§ **DATA SHOWN**
- - - -

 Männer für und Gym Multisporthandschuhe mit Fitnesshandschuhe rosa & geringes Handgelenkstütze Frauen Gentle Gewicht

- - - -

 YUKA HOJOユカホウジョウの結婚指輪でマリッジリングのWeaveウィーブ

- - - -

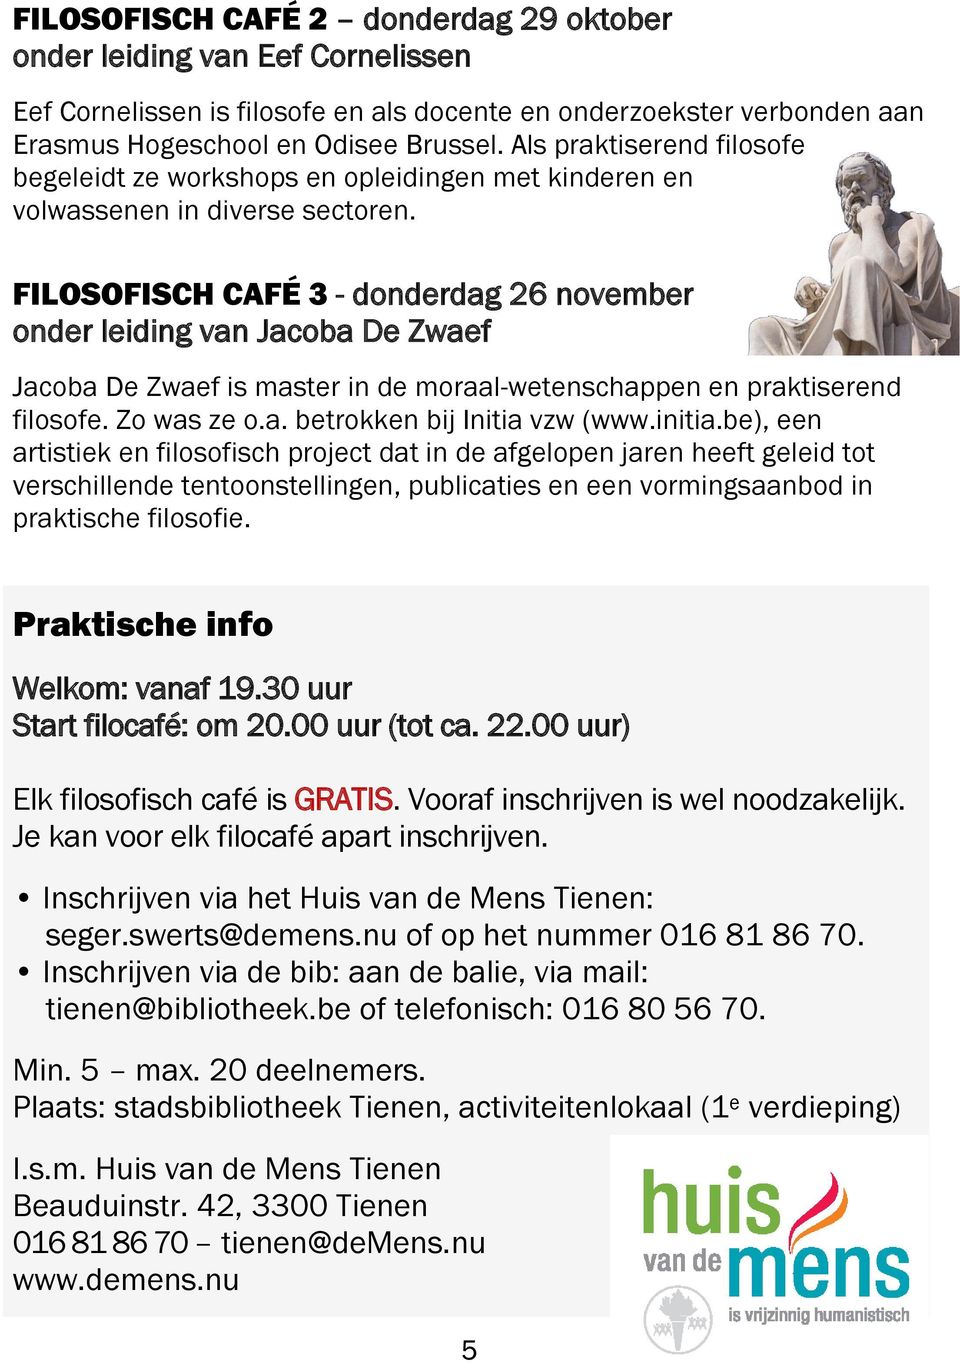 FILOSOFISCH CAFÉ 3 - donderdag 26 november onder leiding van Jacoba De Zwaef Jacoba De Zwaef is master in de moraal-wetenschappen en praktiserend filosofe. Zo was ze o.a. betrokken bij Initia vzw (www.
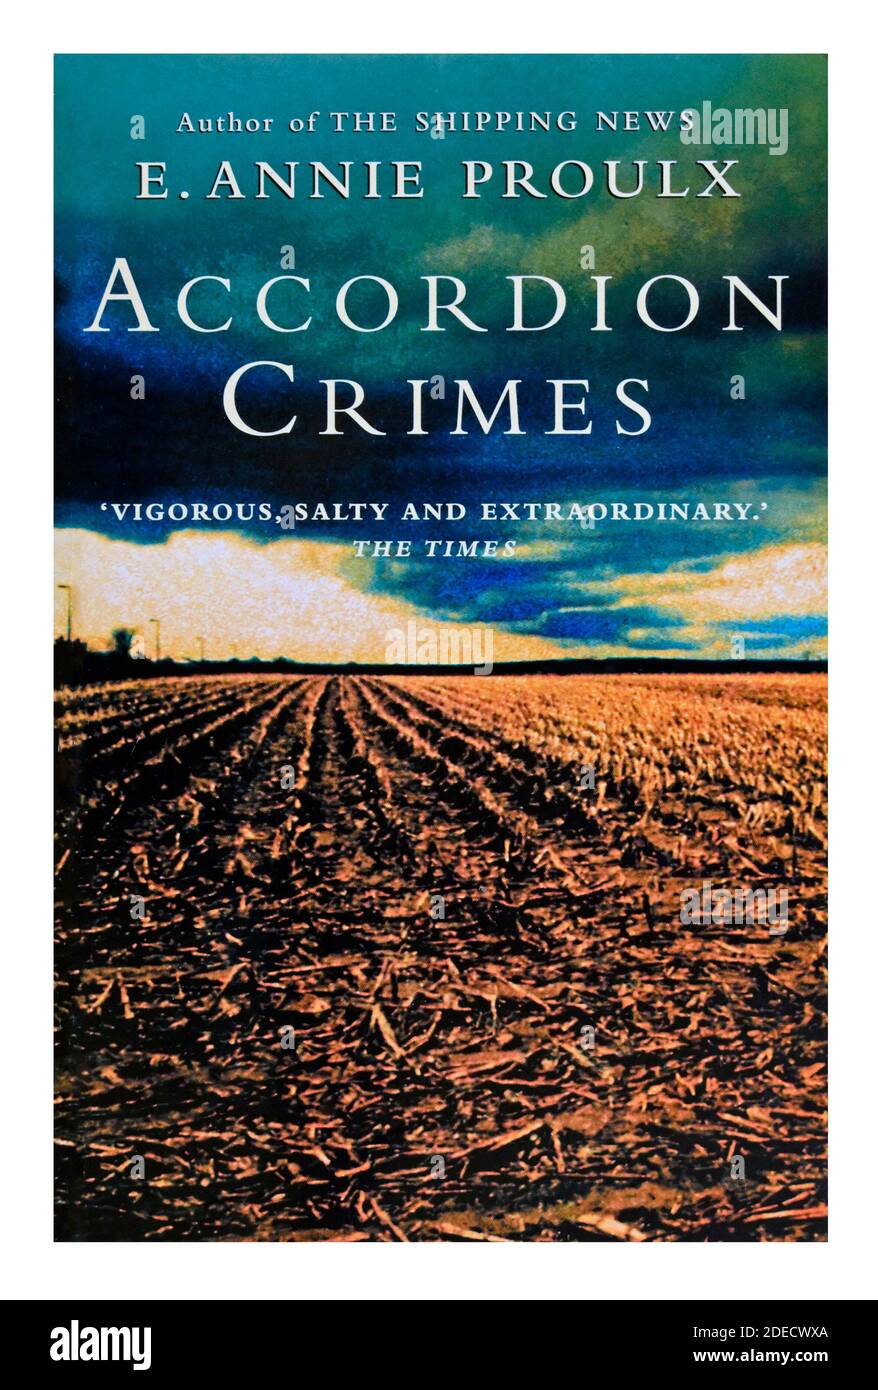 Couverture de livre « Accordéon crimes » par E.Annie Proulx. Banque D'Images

- - - -

§ **BRIEF**
In the data above, find the line with "FILOSOFISCH CAFÉ 3" and the line with "Couverture de livre". Please copy exactly those two lines and every line between them, but not the pictures.

§ **SOLUTION TO THE EXERCISE**
 FILOSOFISCH CAFÉ 3 - donderdag 26 november onder leiding van Jacoba De Zwaef Jacoba De Zwaef is master in de moraal-wetenschappen en praktiserend filosofe. Zo was ze o.a. betrokken bij Initia vzw (www.
 Couverture de livre « Accordéon crimes » par E.Annie Proulx. Banque D'Images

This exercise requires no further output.